The Supreme Court delivered a legal blow on Feb. 20, ruling 6-3 that the International Emergency Economic Powers Act does not authorize presidential tariffs. The government collected $160 billion to $166 billion under the invalidated authority. More than 26,664 importers have signed up for refunds worth approximately $120 billion as of March 26.

Trump administration officials quickly pivoted to alternative authorities. The White House imposed a temporary 10 percent global tariff under Section 122 of the Trade Act of 1974, which expires after 150 days. U.S. Trade Representative Jamieson Greer initiated Section 301 investigations against 16 economies on excess capacity and 60 economies on forced labor in March.

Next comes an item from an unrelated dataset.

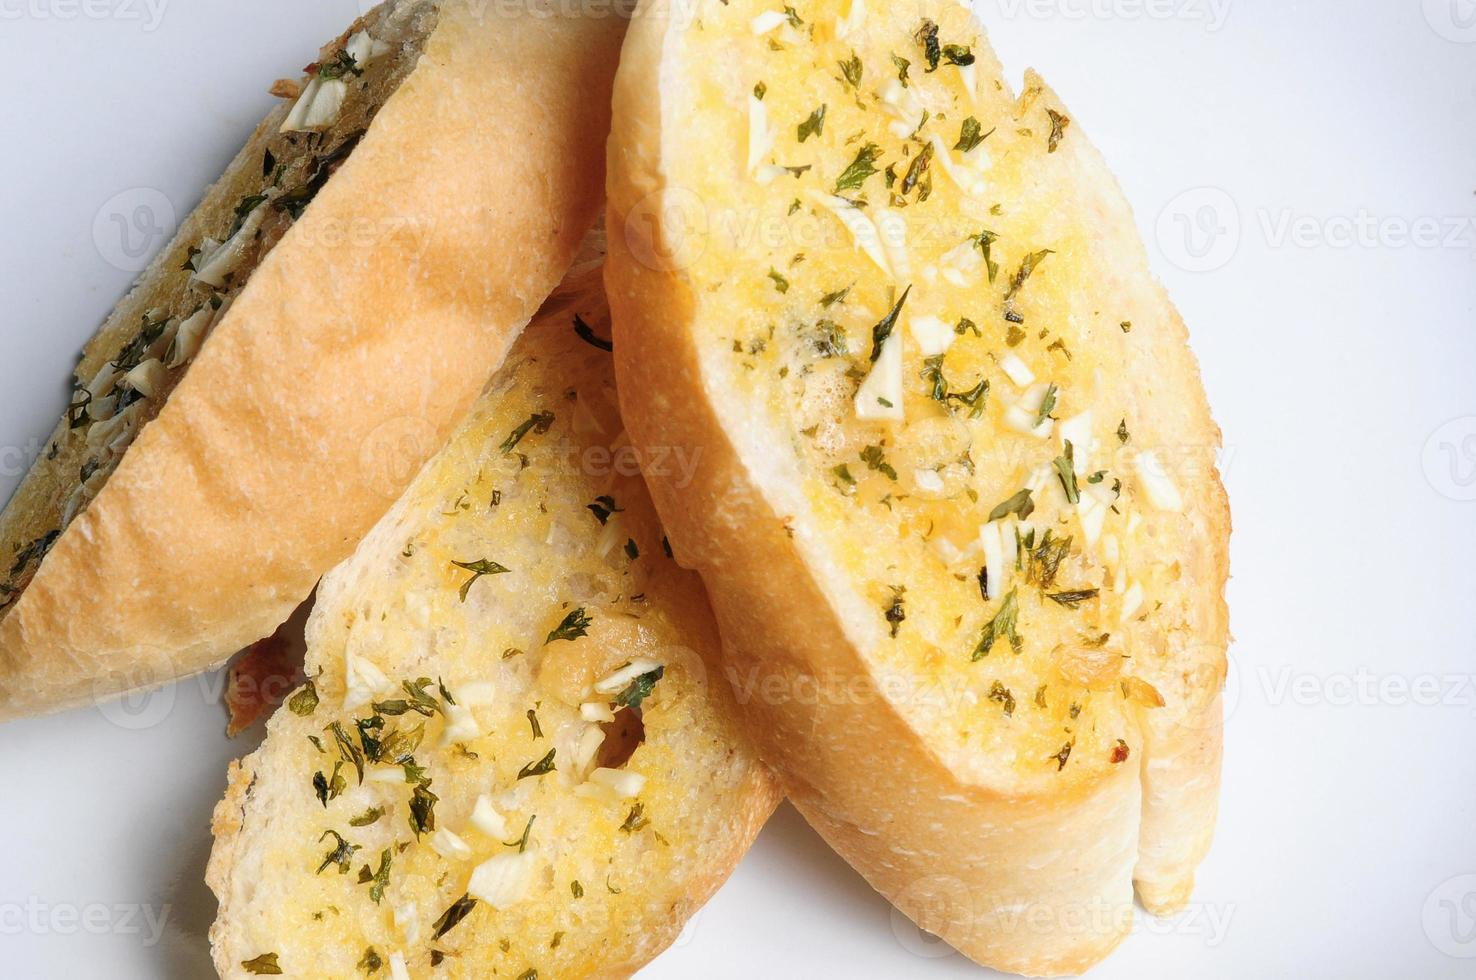 Garlic bread close up photo
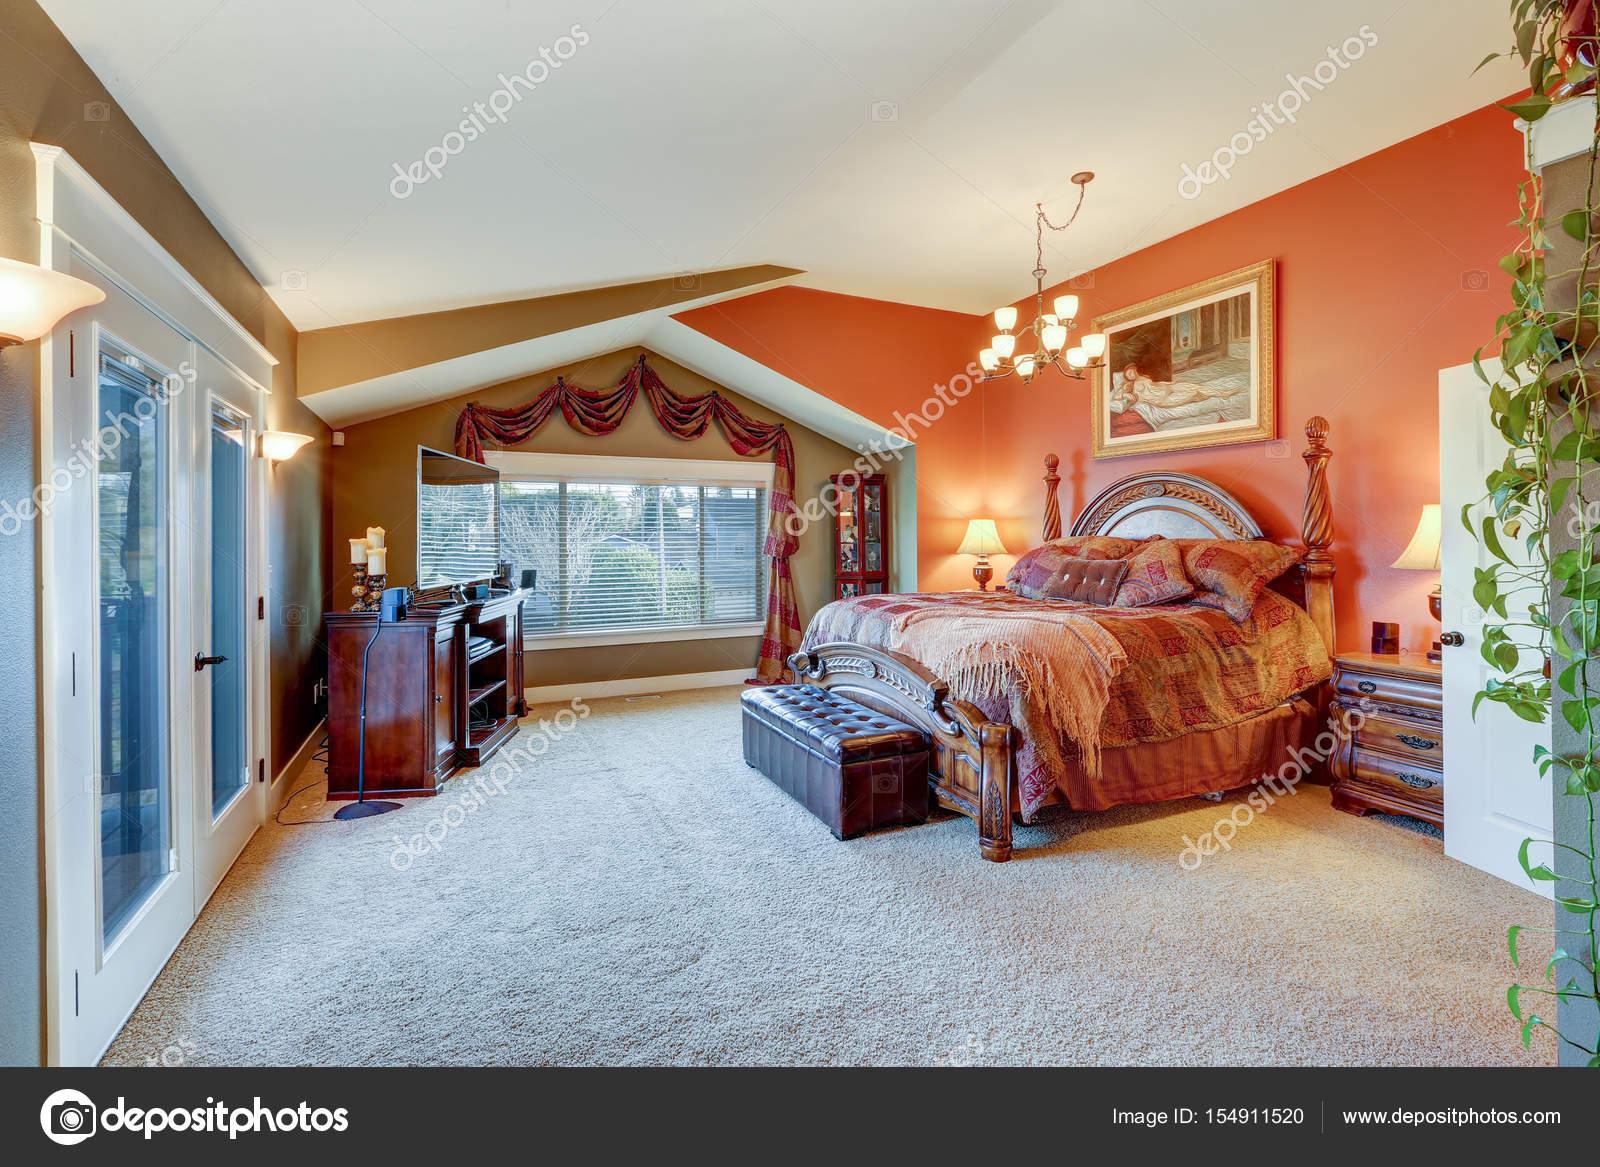 Sensational Elegant Master Suite With Red And Grey Walls Stock Photo Inzonedesignstudio Interior Chair Design Inzonedesignstudiocom

"The best is yet to come as President Trump's tariff program incentivizes domestic production, raises workers' wages, and reinforces our critical supply chains," Greer told Reuters this month.

Yet the data tells a consistent story of protectionist policy failure. While mainstream economists overstated inflation risks, they correctly predicted manufacturing damage, trade deficit expansion, and consumer cost increases. The partial vindication reveals a fundamental truth: government intervention through tariffs hurt American workers and consumers while failing to achieve its stated goals.